Looking from the outside, the job of following up Ys – the 2006 album that transformed San Francisco harpist Joanna Newsom from kooky cult concern to a musician widely regarded as one of the more gifted composers of the age – appeared a task most unenviable. Epic in scope, with arrangements steeped in jazz and world music and lyrics prone to dazzling flights of archaic language more befitting of William Faulkner than any modern songbook, it was so exceptional as to beg the question: where next?

Have One on Me answers that question in both prosaic and surprising ways. For one, perhaps predictably, it’s bigger still – clocking in at three CDs and over two hours of music, this is about as big as albums get. There are unexpected changes here, too – primarily, the quality of Newsom’s voice. Once raw and child-like, following a period recovering from vocal-chord nodes, it has now developed into something more classically pretty, although hints of the old grizzle still re-emerge occasionally.

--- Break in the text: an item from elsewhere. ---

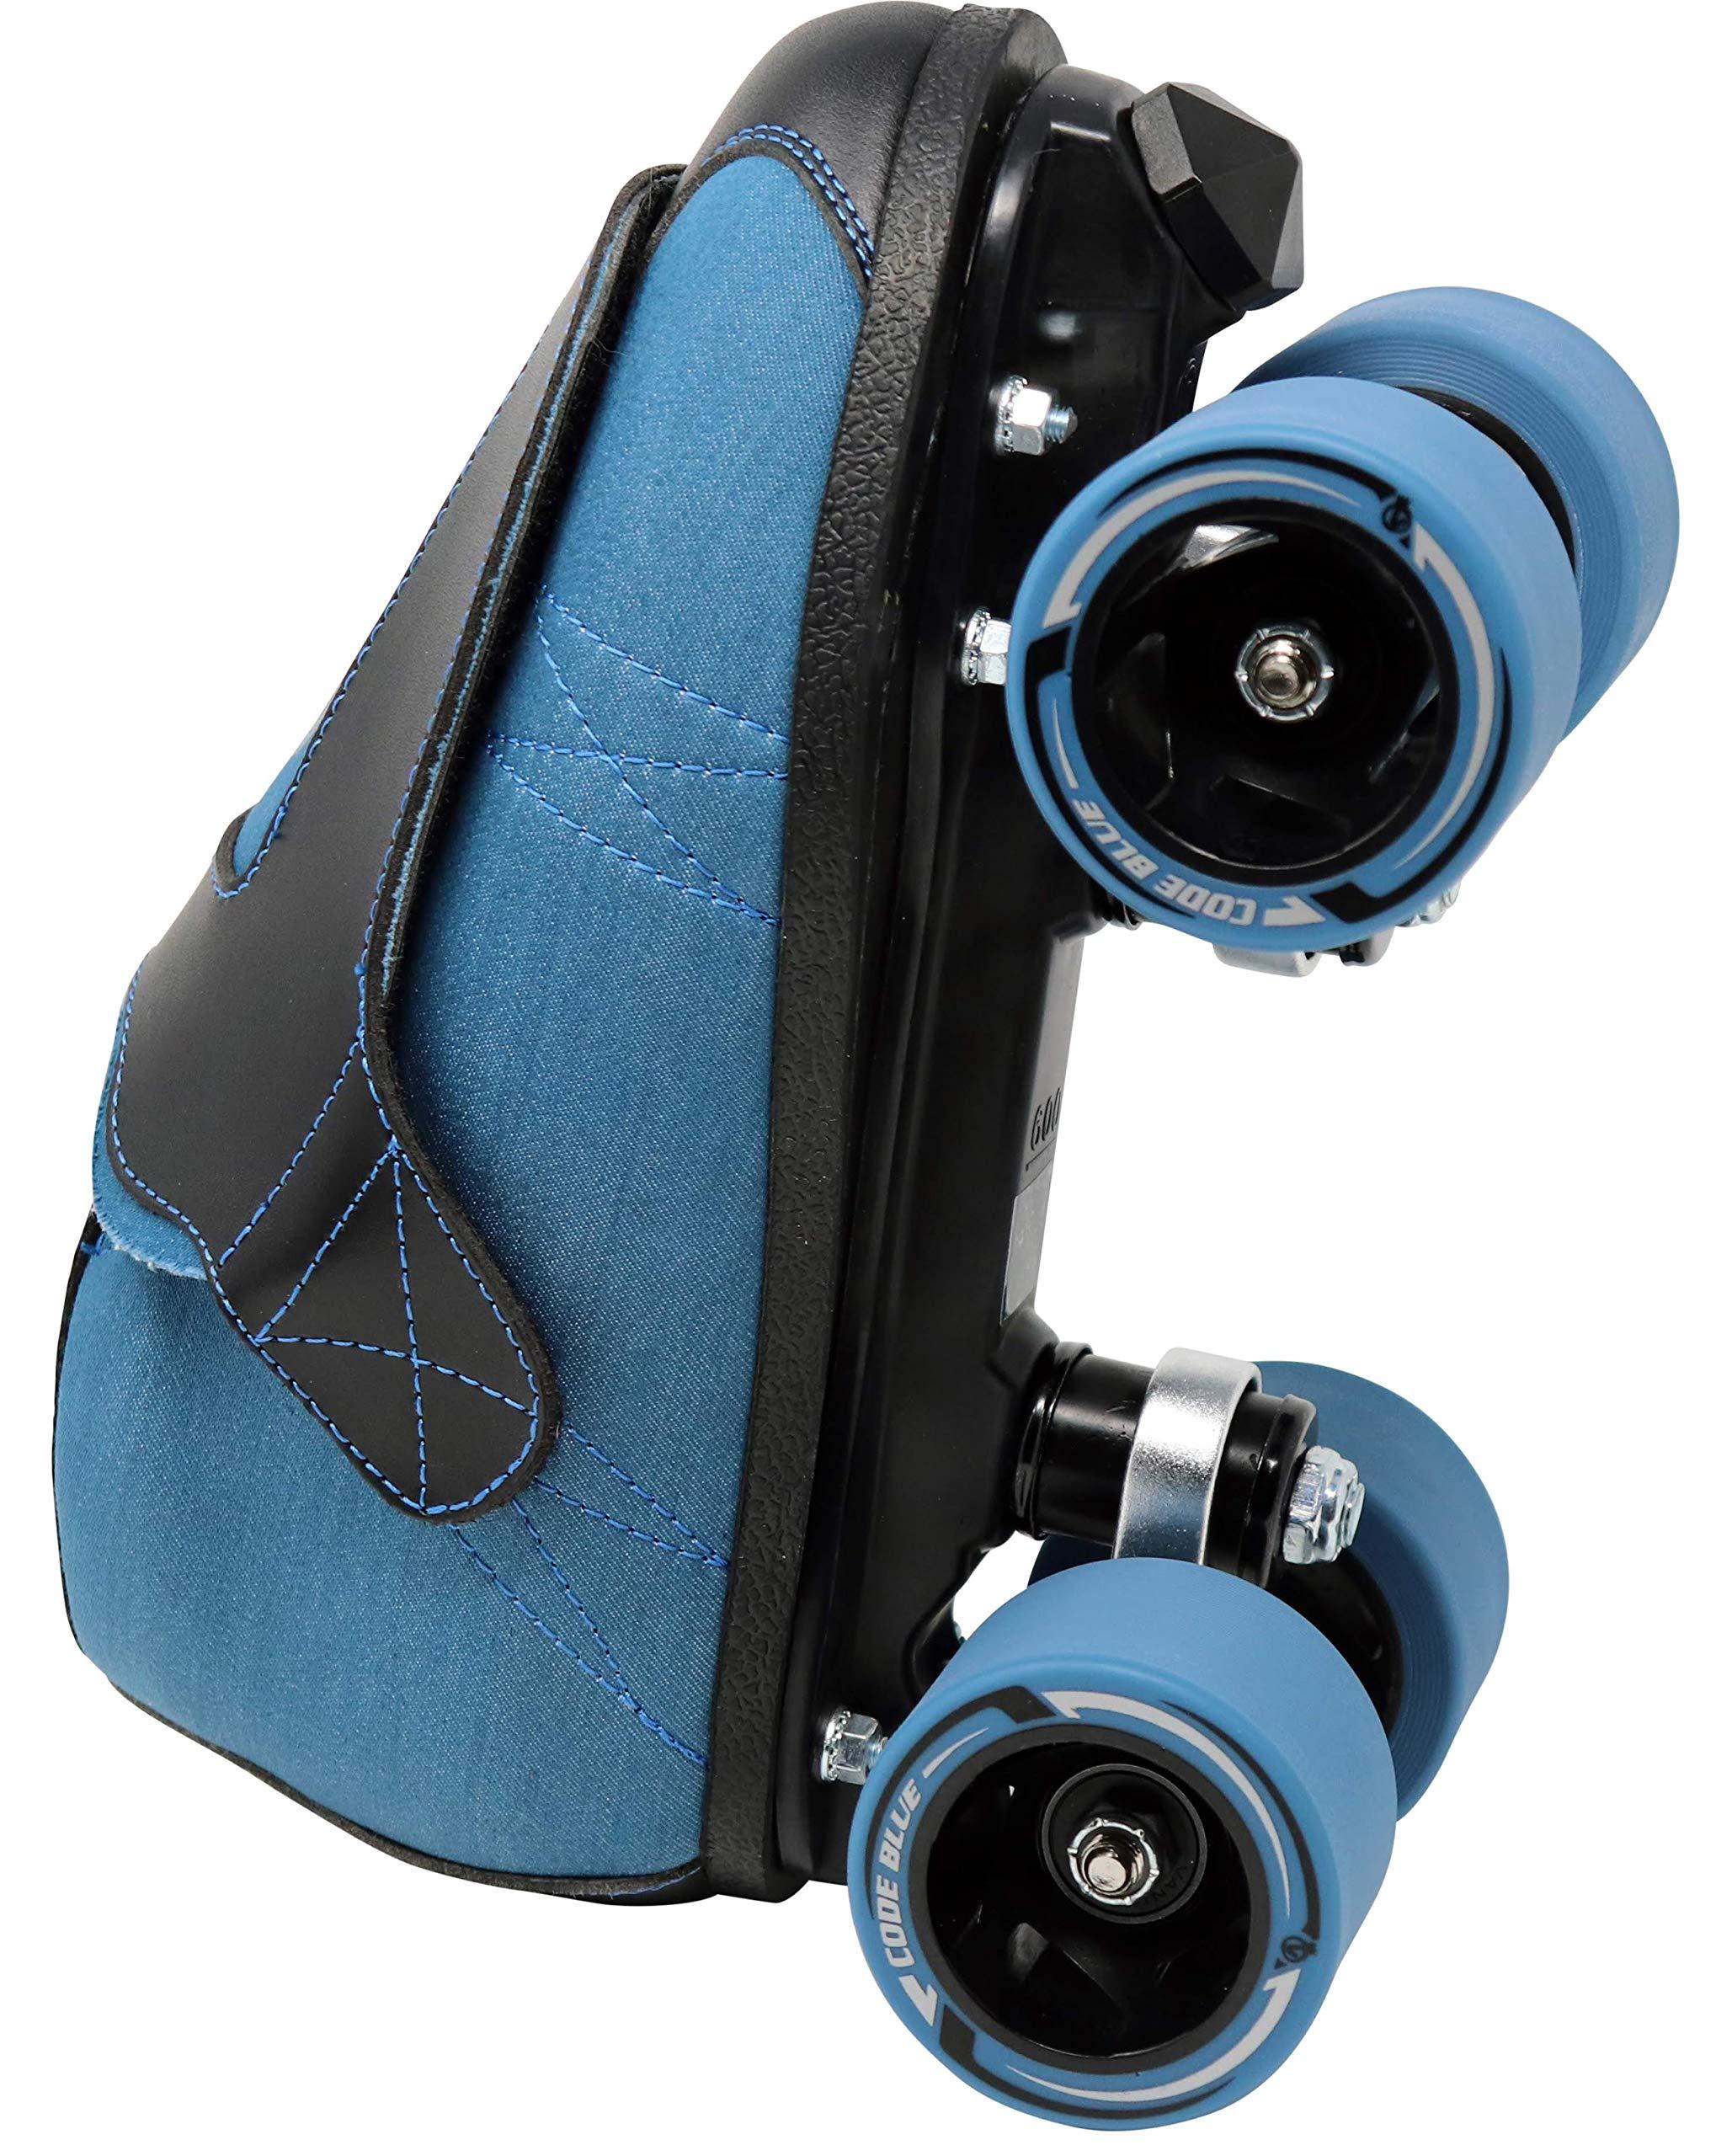 VNLA Code Blue Jam Skate - Mens & Womens Speed Skates - Quad Skates for Women & Men - Adjustable Roller Skate/Rollerskates - Outdoor & Indoor Adult Quad Skate - Kid/Kids Roller Skates (Size 9) by VNLA (Image #5)

The precocity of the lyrics has been toned down a little, too; songs sprawl less, and hang on concise, wonderful phrases. “I found a little plot of land, in the garden of Eden,” she sings on ’81, while Kingfisher commences with a soft entreaty: “Whose is the hand that I will hold?” Her voice is almost a whisper: “Whose is the face I will see?” Still present, though, is a raft of nature imagery. The title track is an impressive bestiary of daddy long-legs, tarantulas and “famous spider dances”, while on Esme she is confused “like the wagging bob-tail of a bulldog” – probably not one you’ve heard before.

What, aside from length, really defines Have One on Me in contrast to Newsom’s previous work is its confluence of styles. With Newsom moving back and forth between harp and piano and added instrumentation supplied by Ys Street Band leader Ryan Francesconi, the range here feels much broader. Good Intentions Paving Company toys with gospel soul and bluegrass banjo, while the excellent Baby Birch is lonesome country that builds into a majestic strut of spindly electric guitar and oriental melodies.

As an album, it is huge, sometimes overwhelming – but such is the strength and individuality of Newsom’s vision, it seems almost inconceivable she could produce anything unremarkable.